For example, in §2.4(A)(2)(i), an Agent with ten full years of “Credited Service”
qualifies for deferred Retirement Pay under §2.4(A). The ten full years of Credited Service
specifically provides: “for purposes of this subparagraph, Credited Service shall also include a
period of employment with another corporation which qualifies as a member of a controlled
group of corporations containing an Employer within the meaning of” the Internal Revenue
Code, “if such period of employment with such controlled group member immediately precedes,
or immediately follows, a period of service with an Employer.”82 Significantly, the language
modifying the term “Credited Service” in §2.4(A)(2)(i) is not contained in §2.3. Similarly, an
Agent with five full years of Credited Service “and his termination for service results from
disability which . . . is deemed permanent or of prolonged duration and sufficient to render him
incapable of continuing in employment with his Employer” may also qualify for deferred
Retirement Pay in §2.4(A).83 In construing the terms of the Plan, we apply principles of contract
law.84 We construe the Plan, like a contract, as a whole to give effect to all its provisions and
render them consistent with each other, and conclude the 1989 Plan did not permit “any service”

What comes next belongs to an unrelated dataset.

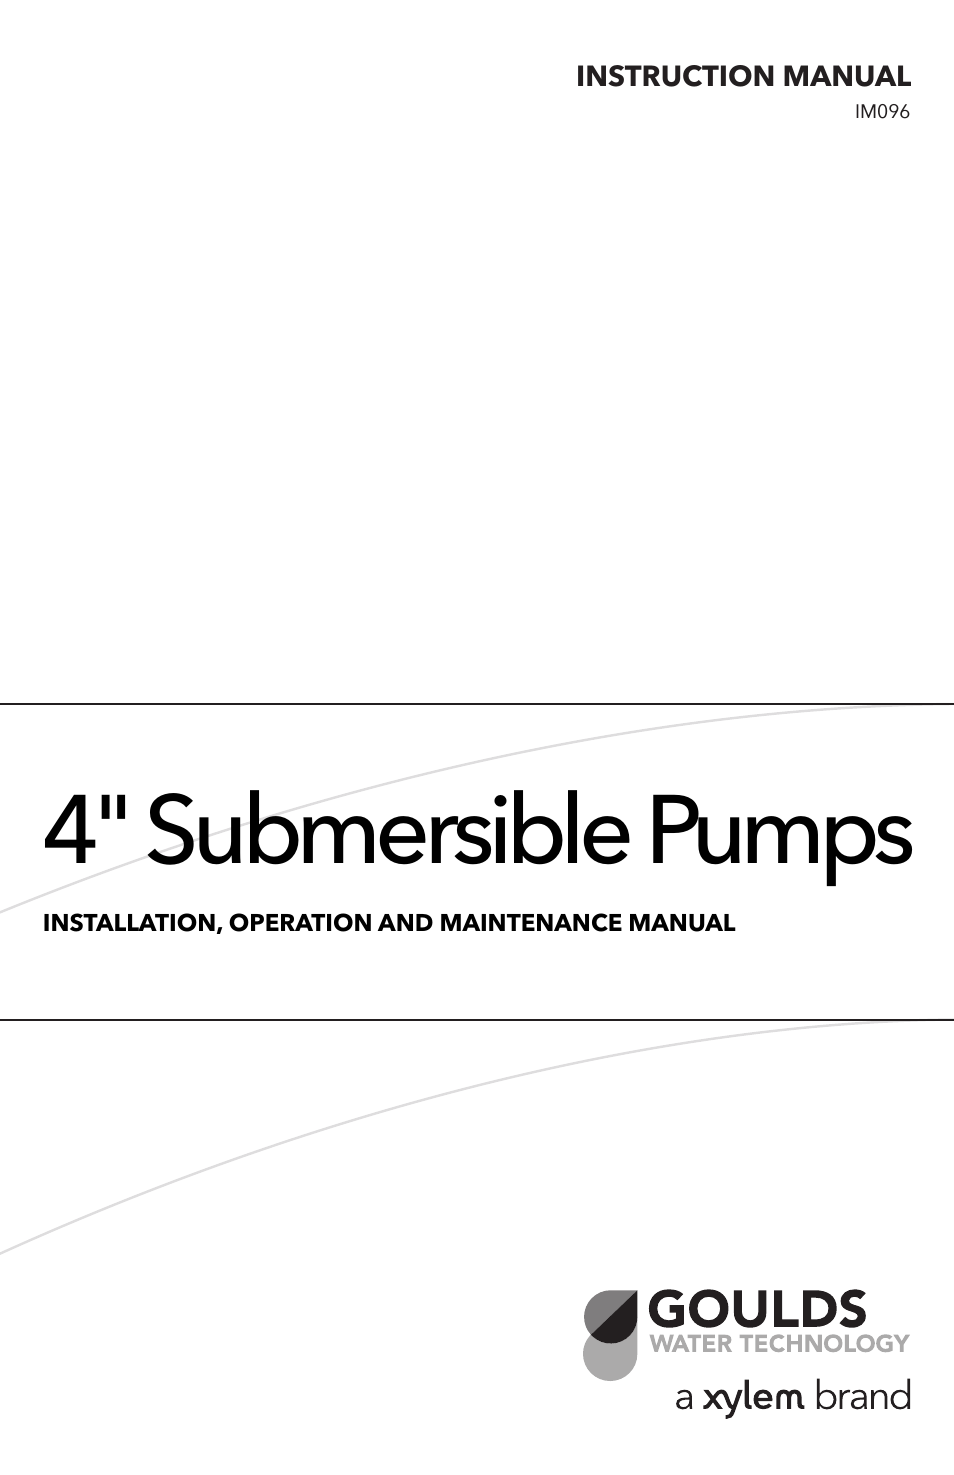 IM096 R07 4 Submersible Pumps

by an Agent who is not an employee to count as “Credited Service.”
Plaintiffs’ citation to Adams v. Bowater, Inc.85 is distinguishable. There, Bowater
amended its plan in connection with the sale of its subsidiary which employed plaintiffs. At the
time of the sale, employees remained employed by the subsidiary and remained covered by the
same plan in effect before the sale.86 Bowater then amended its plan to no longer “count”
continuous service at the subsidiary toward eligibility for the subsidized early retirement plan.87
The court found a prohibited cutback of accrued benefits because the amendment prevented
plaintiffs from “aging into their accrued benefits through continued service” with the
subsidiary.88 The court based its decision on the language of the pre-amended plan under which
plaintiffs continued to qualify as participants and continued to qualify for continuous service
credit, even after the sale.89 There, the court found “it is precisely because of Plaintiffs’

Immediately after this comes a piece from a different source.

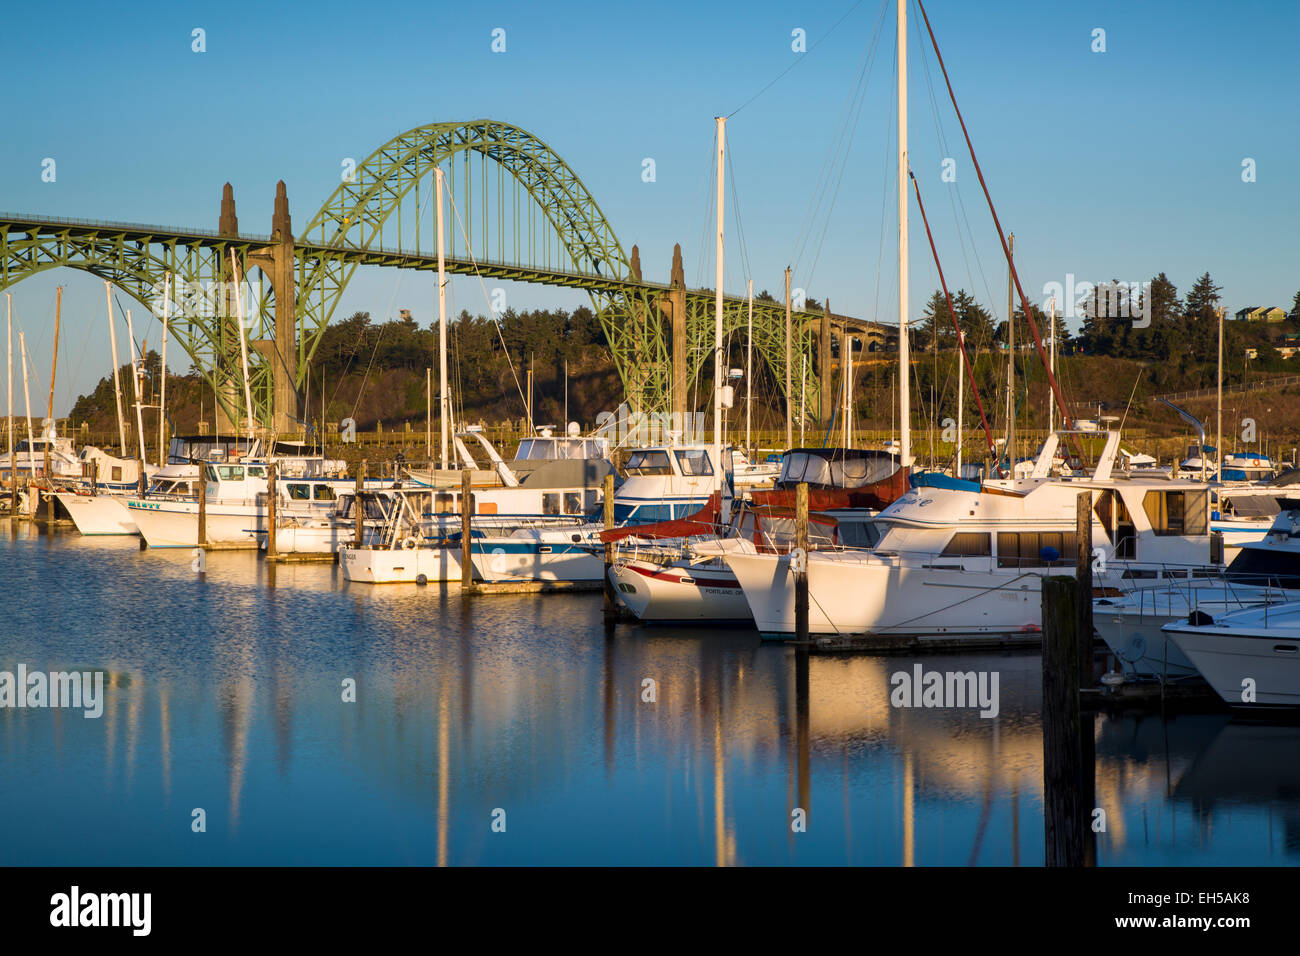 Morgendämmerung in Newport Harbor mit Yaquina Bay Bridge über Newport, Oregon, USA Stockfoto

continued ability to meet the Plan’s participant prerequisites that Bowater sought to cut off their
accrued benefits by means of a plan amendment.”90 Here, there is nothing in the 1989 Plan
permitting non-employee independent contractors from accruing “Credited Service.” Because we
do not read the language of the 1989 Plan to entitle non-employees to earn “Credited Service”
towards the beef-up benefit, Plaintiffs did not suffer a cutback of a benefit.
3. Fact questions concerning treatment as employees or independent contractors
preclude summary judgment in a later proceeding.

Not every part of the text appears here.